When a story about the policy appeared in a South Carolina newspaper earlier this year, privacy advocates and state lawmakers jumped to change the rules because of recent advances in genetic testing.

In April, lawmakers approved legislation putting new safeguards on the storage of the blood samples, including giving parents the right to request they be returned or destroyed after a two-year mandatory holding period.

"I know enough about DNA to know that the future is very uncertain as to what it can be used for," said State Senator John Hawkins (R-Spartanburg), who authored the legislation and who has a 4-year-old daughter. "Right now it is limited. But who knows what in the future it can be used for. So I think parents should have the right to say whether their children's samples should be kept or destroyed."

Hawkins said he wanted to make sure samples don't automatically end up as part of law enforcement or government DNA databases, or are used by health insurance companies for screening policy applicants -- or even for human cloning.

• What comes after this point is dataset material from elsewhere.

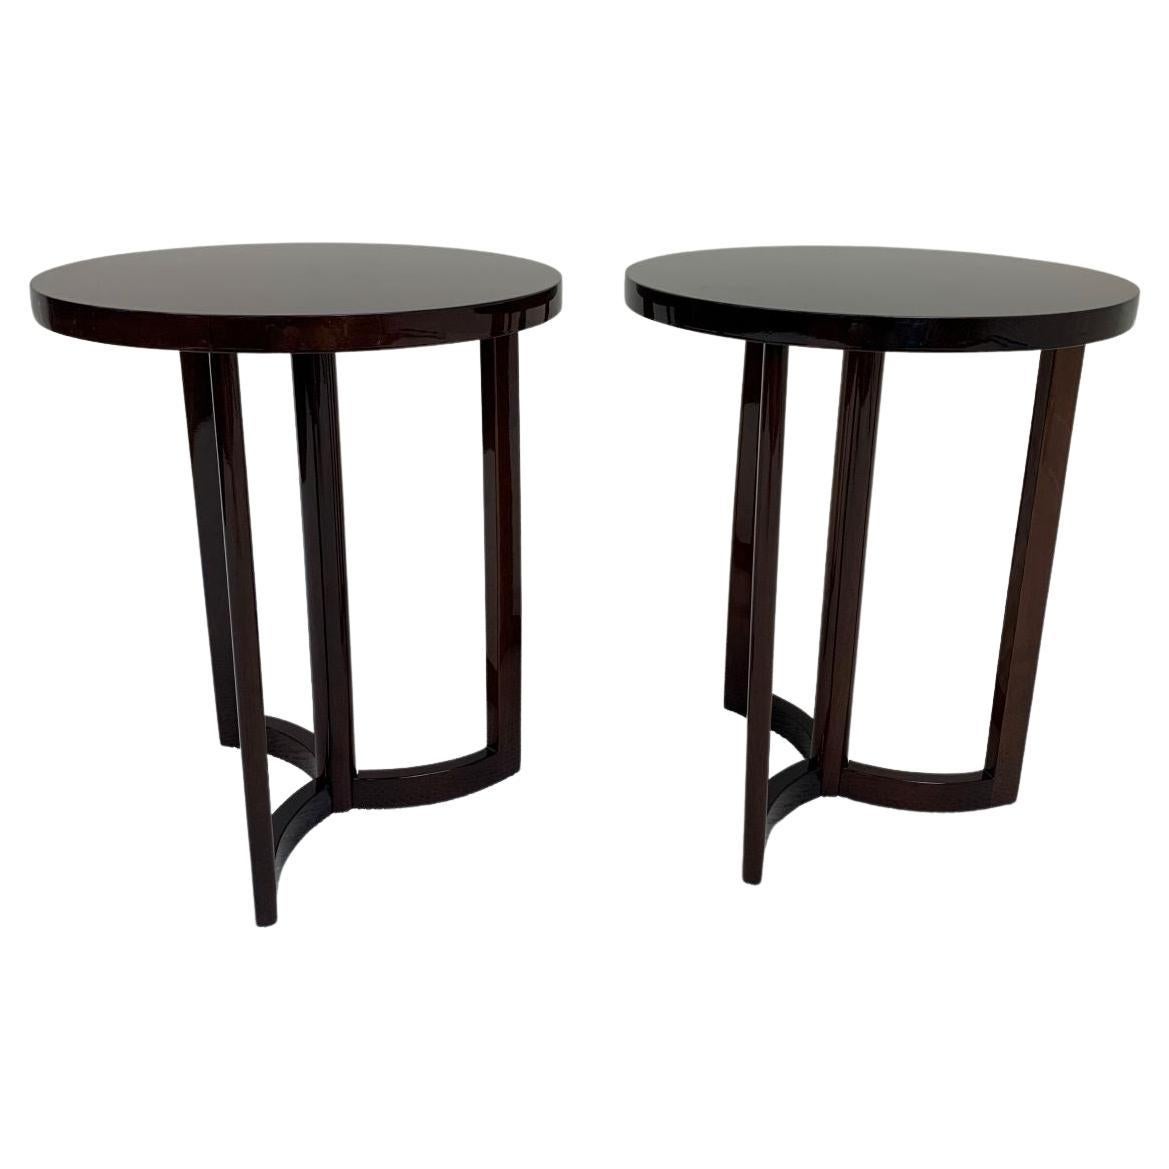 Great pair of round Art Deco end tables with solid walnut bases with a unique pinwheel design. Table tops are adorned with a beautiful walnut veneer tops. Tables could be used either as side tables or bedside tables. American C. 1940’s dimensions

"The thing about DNA (is) we don't know what we don't know, we don't know where it is going," he said. "So the prudent thing to do is to go ahead and set down some rules for privacy now, before it's too late."

South Carolina residents are especially sensitive to privacy issues lately. Four years ago, state officials came under fire for selling information from 3.5 million drivers licenses to a New Hampshire company without drivers' consent or notification.

"Our state government has done an abysmal job of protecting its citizens' privacy," Hawkins said.

DNA on ice

Dr. Harold Dowda, chief of the state's Bureau of Laboratories at DHEC, said the lab was simply obeying the law in keeping the samples on ice indefinitely, at minus 20 degrees Centigrade. "This was not a decision taken by the medical advisory committee here at DHEC, the DHEC board or this agency," he said.

On a recent tour of a freezer in his building, he pulled out of box of frozen blood samples. "The only identification on them is a bar code," he said.

The lab protects the identities of newborns in a secure database requiring two passwords, he said. "There is nothing on any specimen that it has ever been used for anything here that would identify a person outside of this laboratory, their physician, and their family," he said. He added that the lab does not do any DNA testing.

Of the 55,000 infant blood samples the lab tests each year, about 200 test positive for a disease.

Stoking the flames

The controversy over the storage of the samples was fueled by disclosures that some anonymous specimens were released for two genetic studies without parent's permission.

A private genetics center in South Carolina received samples to study a genetic disease. "The request for those specimens went through a review board here at DHEC and we were told to release a small number of those specimens -- less than 500," Dowda said.

The second request for samples came from researchers at the South Carolina Law Enforcement Division, which wanted to study DNA profiles. "These were provided to them, never used, and destroyed -- approximately 500," Dowda said.

The only information provided in the studies, Dowda added, were the sex and race of the baby and, in the proposed law enforcement study, the area of the state the sample came from. "Absolutely nothing that could identify an individual," he said.

The rules change

Under new rules, samples that remain in storage can continue to be used for confidential, anonymous scientific studies, unless parents request their child's specimen be excluded from studies.

The rules also say that if a parent does not request a sample be returned or destroyed after two years, a child can make the request when he or she turns 18 years old.